For those of us old enough to remember the tumultuous year 1973, when the Roe v. Wade decision legalized abortion as a constitutional right, today’s upheavals have unmistakable and instructive similarities.
Then, as now, the U.S. was formally wrapping up — and recovering from — a costly and unpopular war. U.S. troops ended the 20-year engagement in Afghanistan a few months ago in an echo of how in 1973, less than a week after the Roe ruling, the signing of the Paris Peace Accords officially ended the Vietnam War, with the last American military unit leaving the country two months later.
Then, as now, wrongdoing in the White House threatened the very core of democracy.
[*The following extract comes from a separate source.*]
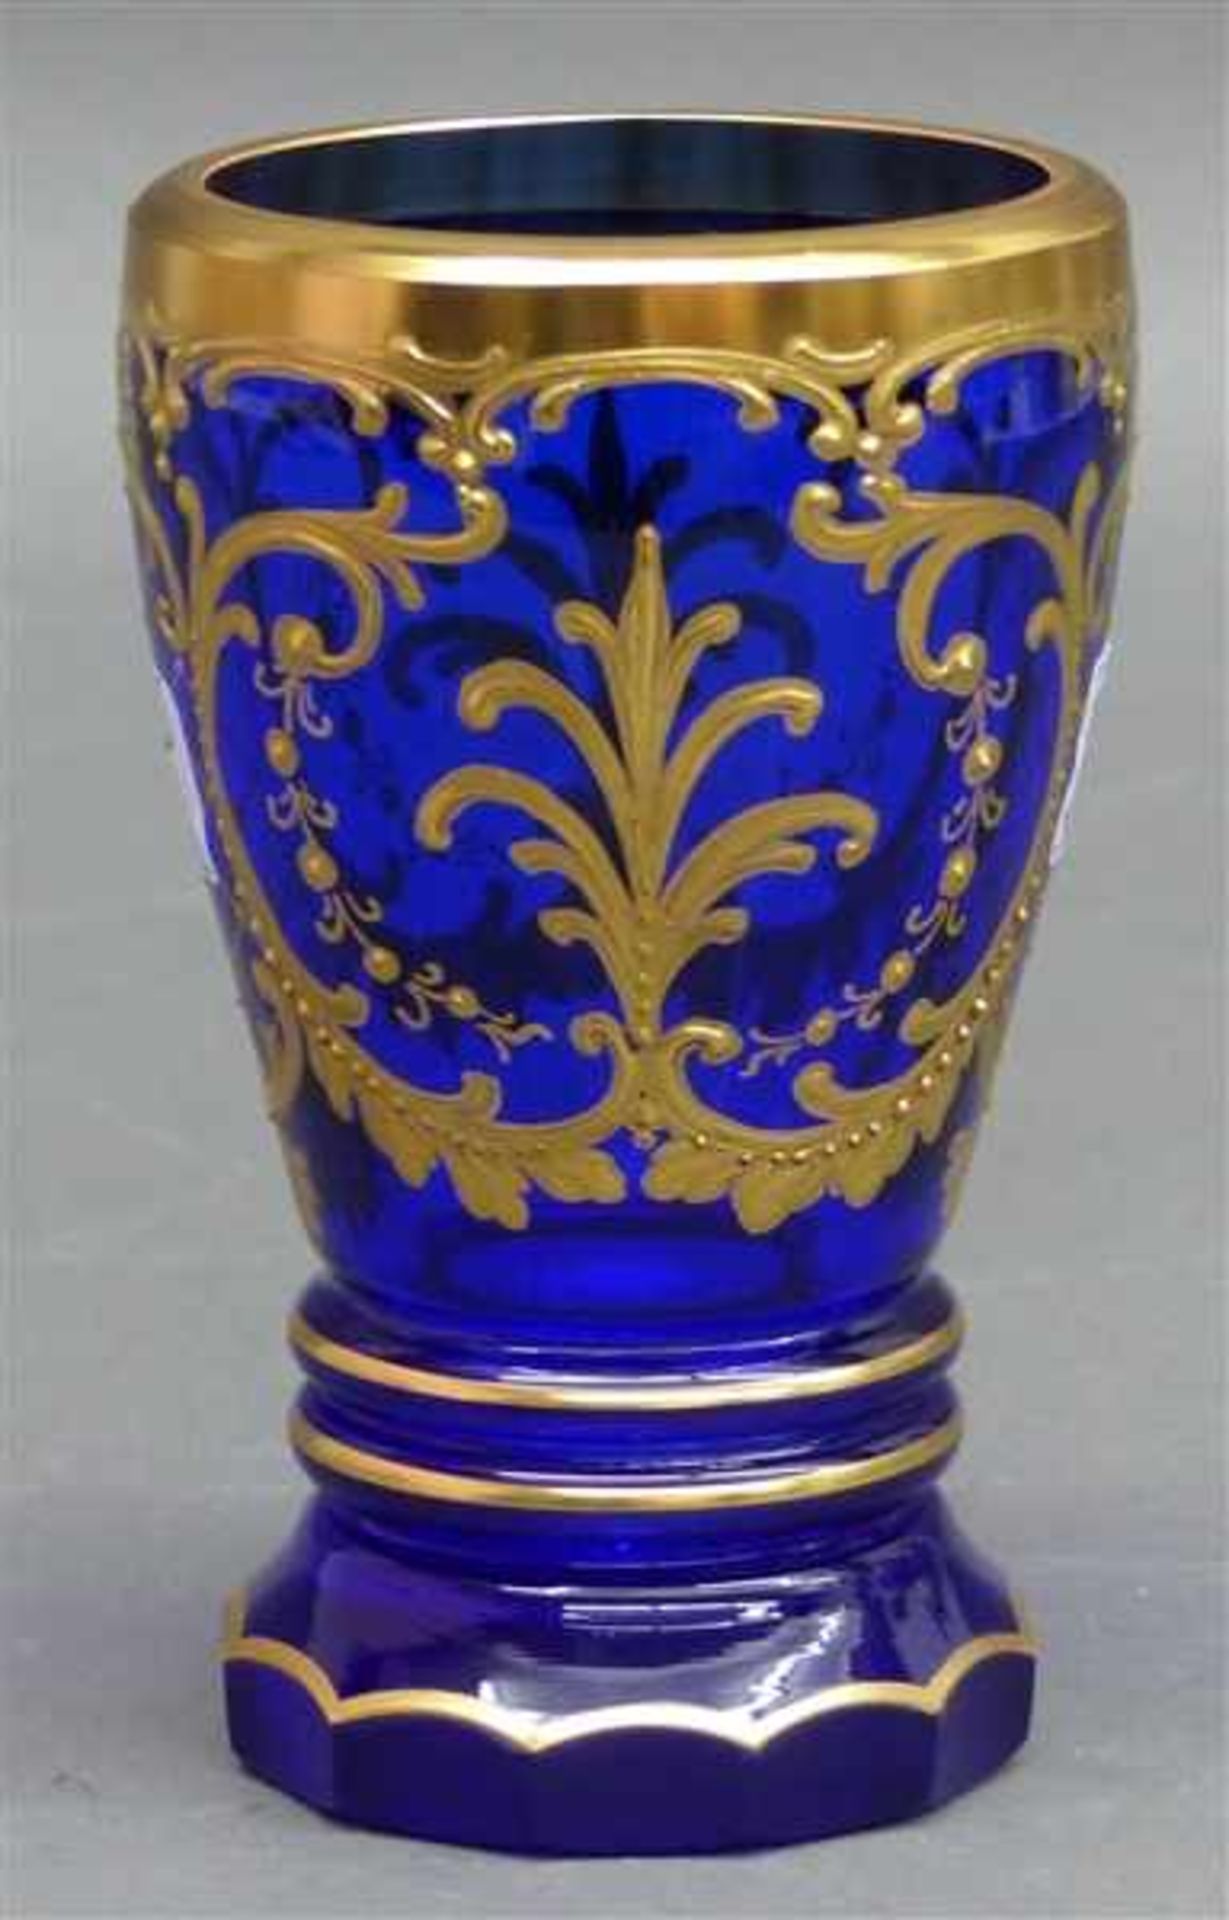 Freundschaftsbecherkobaltblaues Glas, aufwändiger Golddekor, Bayerischer Wald, 20. Jh., h 13,5 cm,
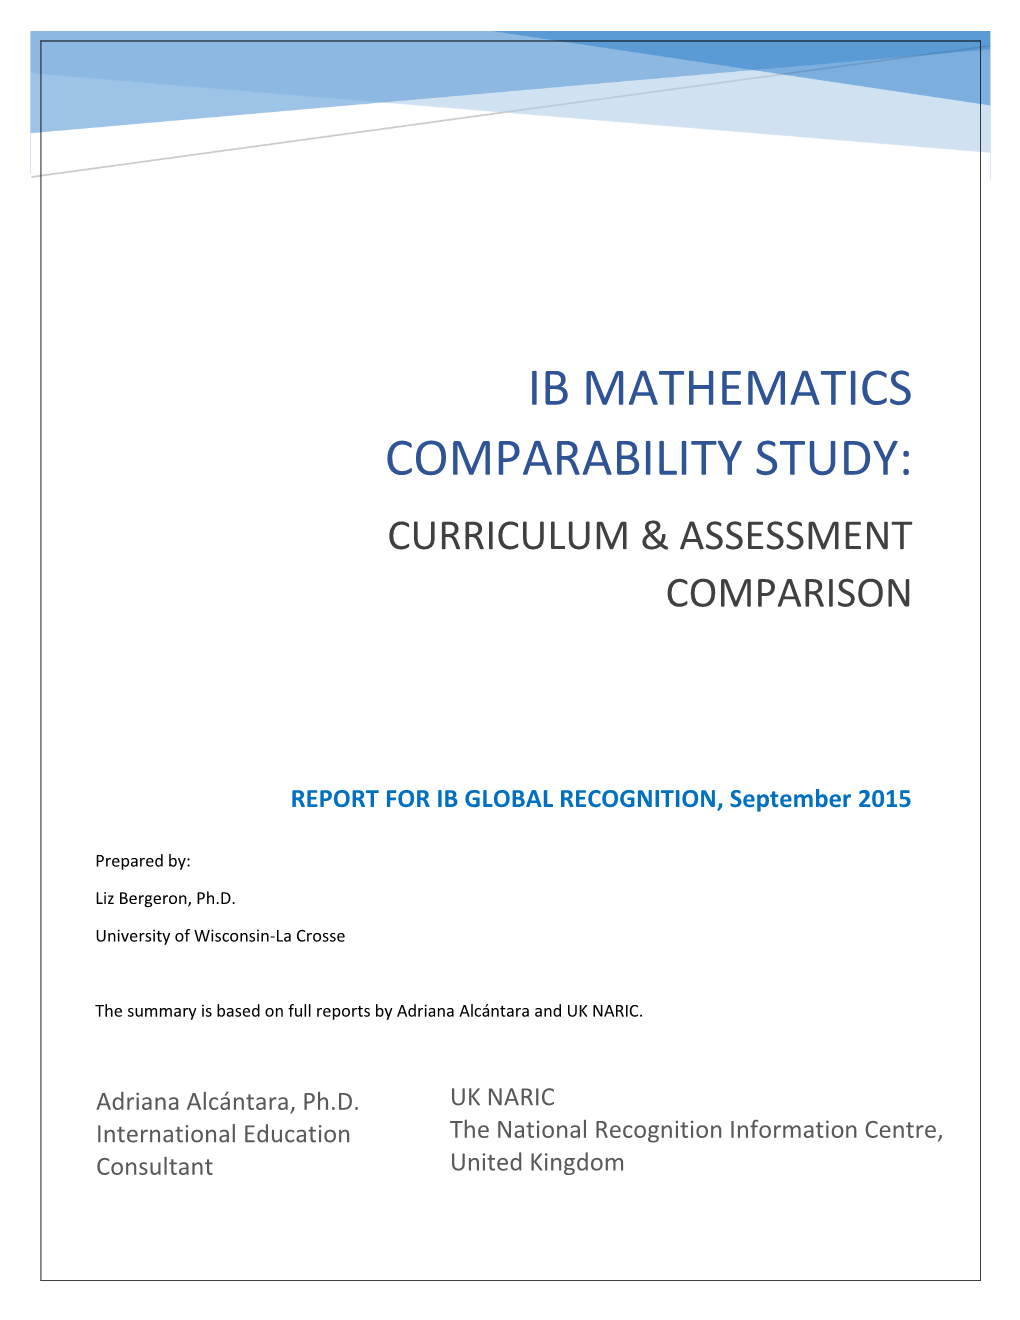 Ib Mathematics Comparability Study: Curriculum & Assessment Comparison

The upcoming congressional hearings on the January 6 insurrection will likely make for riveting television, much the way the investigation of criminal activity by top aides to President Richard Nixon — notably the botched break-in of Democratic National Committee headquarters at the Watergate Hotel — exploded into public view in 1973 when televised hearings began.
Today’s skyrocketing price of gasoline triggered by Russia’s invasion of Ukraine is reminiscent of the Arab oil embargo launched in 1973 by Middle Eastern petrostates, led by Saudi Arabia, as a form of retaliation following that year’s disastrous Yom Kippur War, when a coalition of Arab nations attacked Israel and was defeated with help from the United States.
The oil boycott triggered high inflation and an economic recession in the U.S. Sound familiar?
If we old-timers act as if today’s crises don’t signal the imminent arrival of Armageddon, it’s partly because we’ve lived through comparably messy and frightening political moments — but mostly because we can see the enormous differences between then and now.
In 1973, there were only 16 women serving in the 93rd Congress. It was a powerhouse group that included Shirley Chisholm, Bella Abzug, Barbara Jordan, Elizabeth Holtzman, and Ella Grasso. But there were no women senators at all. (The House, after centuries, named its first female page that same year.)
Today, the 117th Congress has a record-high 120 women serving in the House (including Speaker Nancy Pelosi) and 24 women in the Senate, not counting Vice-President Kamala Harris, who ceremonially presides over the body and can cast tie-breaking votes.
The early draft of the Dobbs v. Jackson Women’s Health Organization opinion shows Justice Alito hell-bent on settling scores with the justices who decided Roe (all of whom are deceased). Alito makes no attempt to shield his contempt for the reasoning behind Roe, resting his argument on the fact that the Constitution makes no reference to abortion and suggesting that no such right exists.
“Supreme Court Justice Samuel Alito is surprised that there is so little written about abortion in a four-thousand-word document crafted by fifty-five men in 1787,” Harvard professor Jill Lepore notes in the New Yorker. She goes on:
“There is nothing in that document about women at all. Most consequentially, there is nothing in that document — or in the circumstances under which it was written — that suggests its authors imagined women as part of the political community embraced by the phrase ‘We the People.’ There were no women among the delegates to the Constitutional Convention. There were no women among the hundreds of people who participated in ratifying conventions in the states. There were no women judges. There were no women legislators. At the time, women could neither hold office nor run for office, and, except in New Jersey, and then only fleetingly, women could not vote. Legally, most women did not exist as persons.”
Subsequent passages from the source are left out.